— Data block —
▼
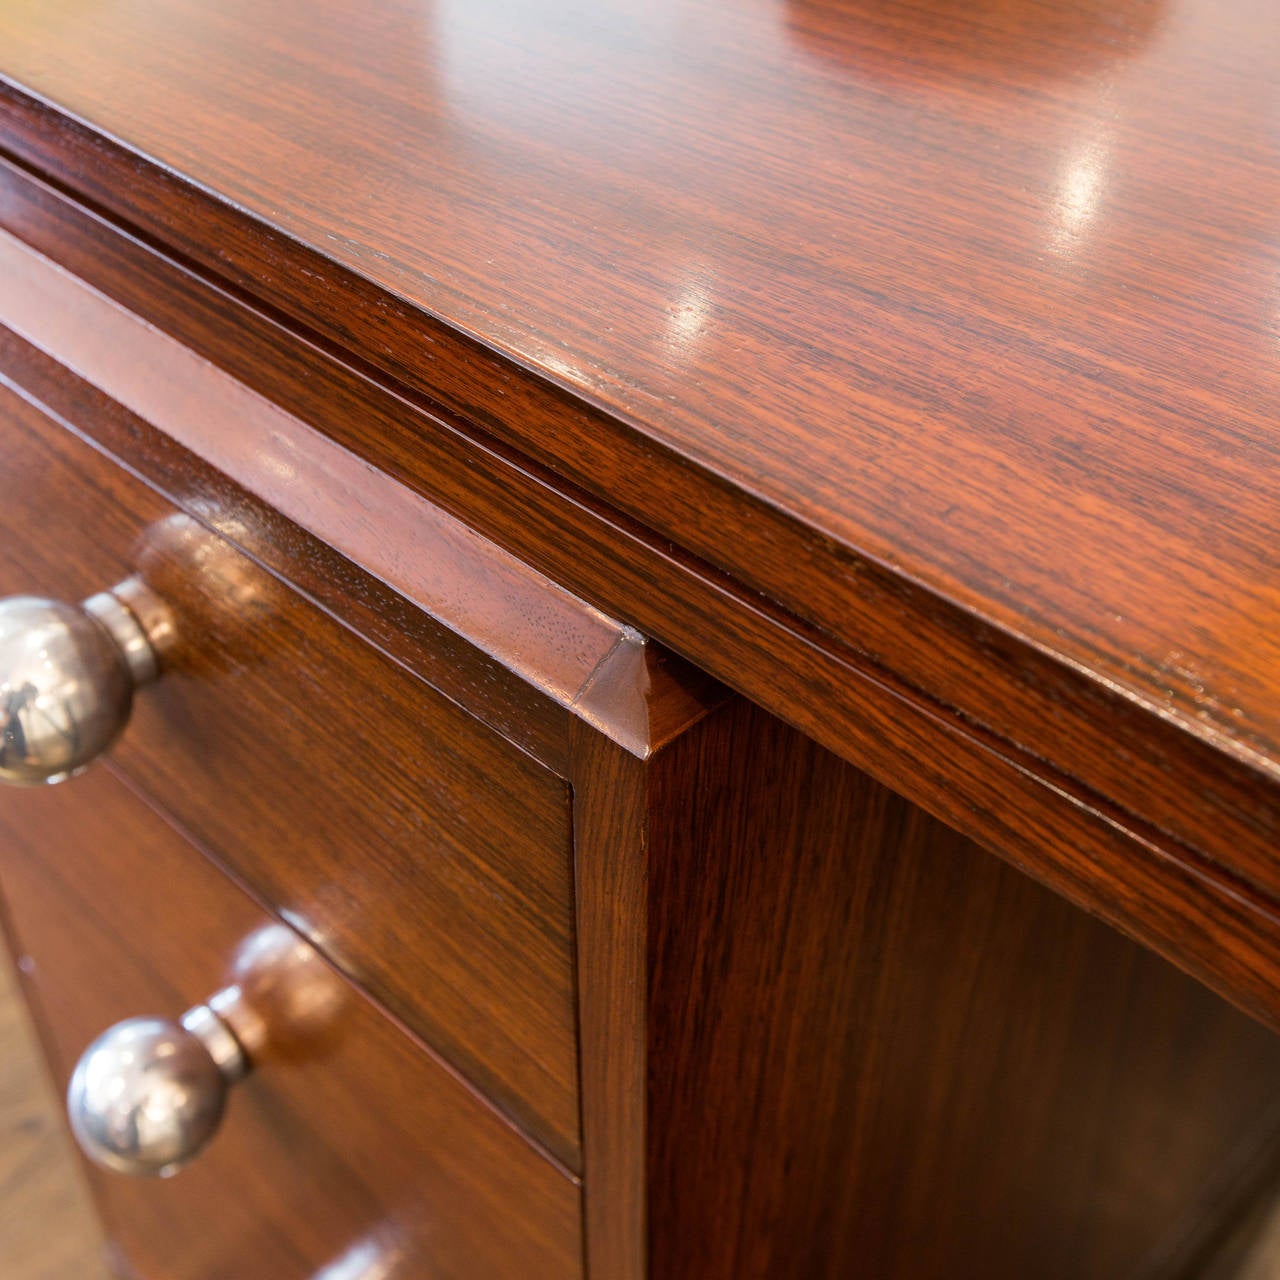 Freshly restored 6-drawer double pedestal deco desk with super cool polished aluminum drawer pulls and great rosewood veneers.
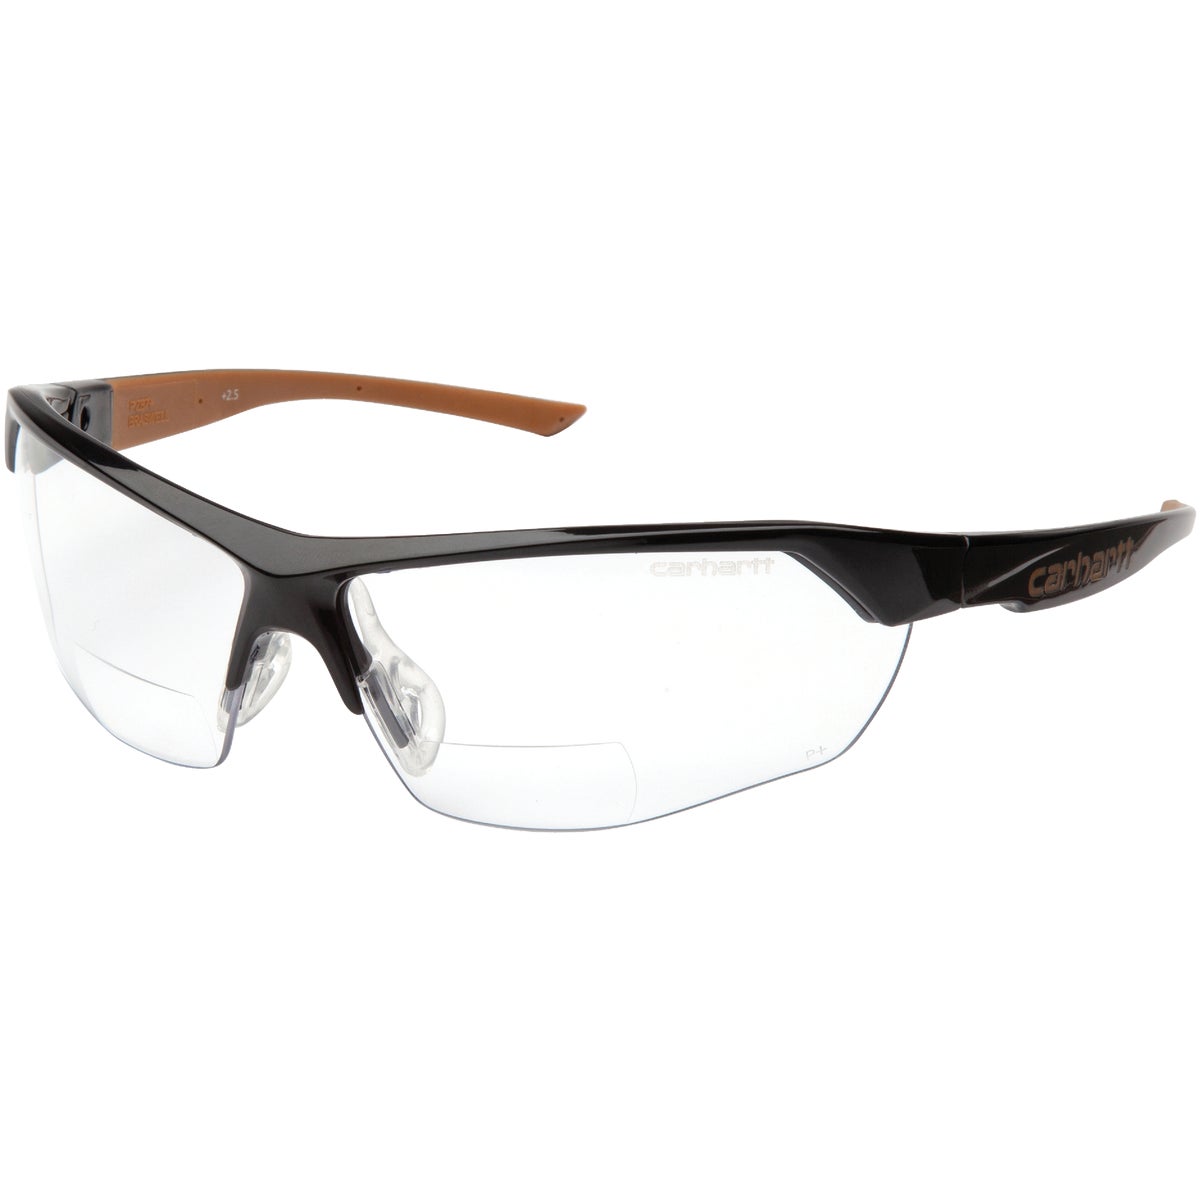 Carhartt Braswell Black Frame Reader Safety Glasses with Clear Anti-Fog Lenses, 2.0 Diopter
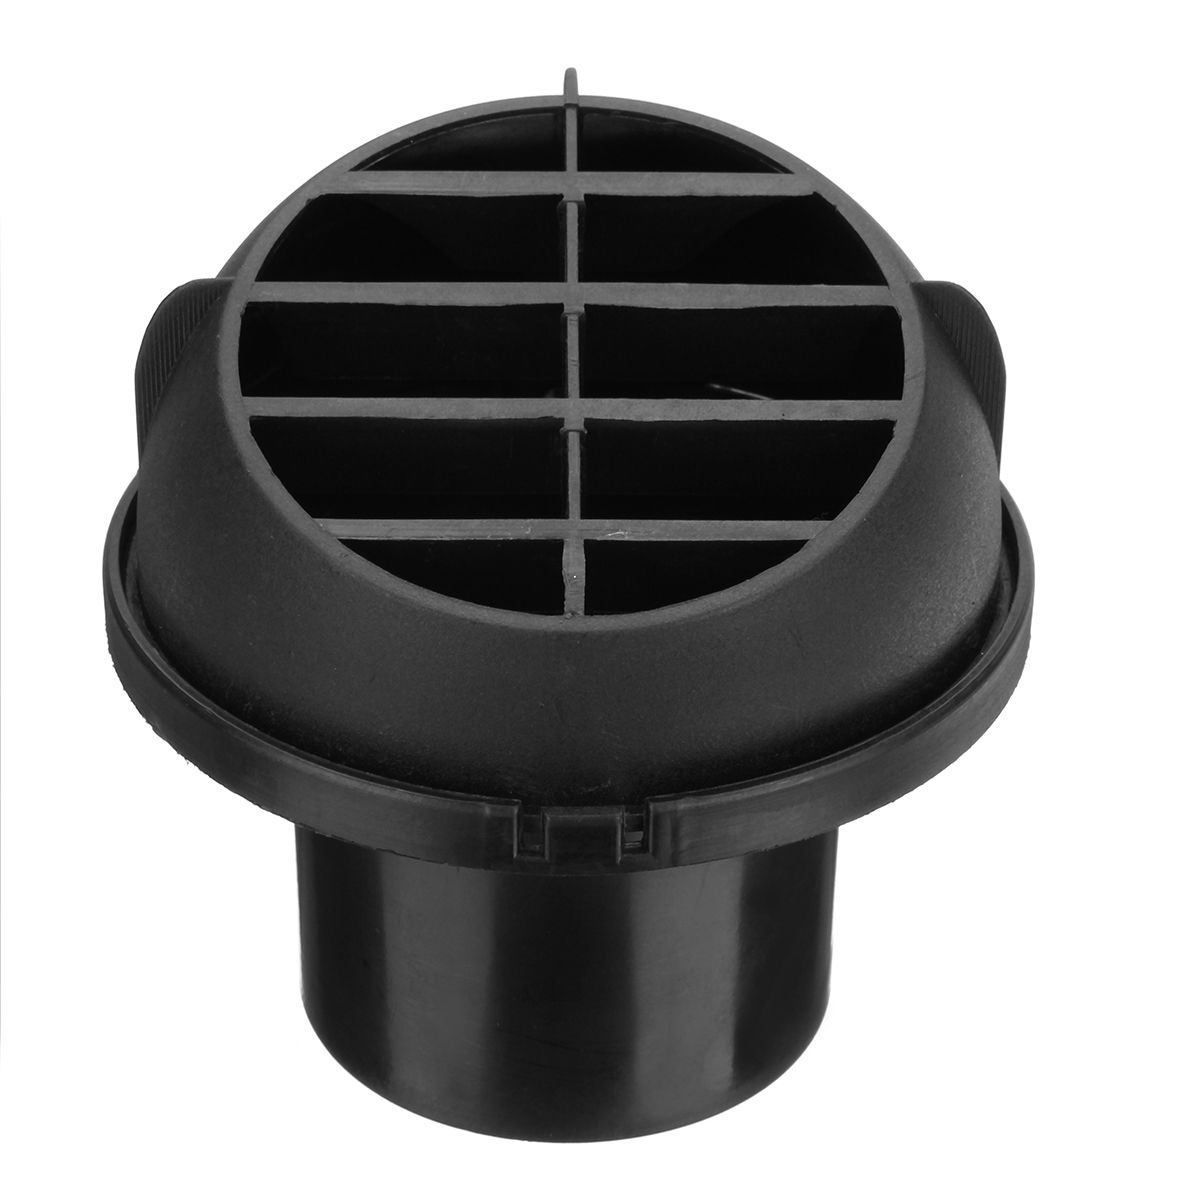 60mm-Warm-Heater-Parking-Heater-Car-Heater-Air-Outlet-Directional-Rotatable-1296280
▲
— Activity —
The data above, line by line: transcribe it exactly and drop the pictures.

— Response —
 Freshly restored 6-drawer double pedestal deco desk with super cool polished aluminum drawer pulls and great rosewood veneers.
 Carhartt Braswell Black Frame Reader Safety Glasses with Clear Anti-Fog Lenses, 2.0 Diopter
 60mm-Warm-Heater-Parking-Heater-Car-Heater-Air-Outlet-Directional-Rotatable-1296280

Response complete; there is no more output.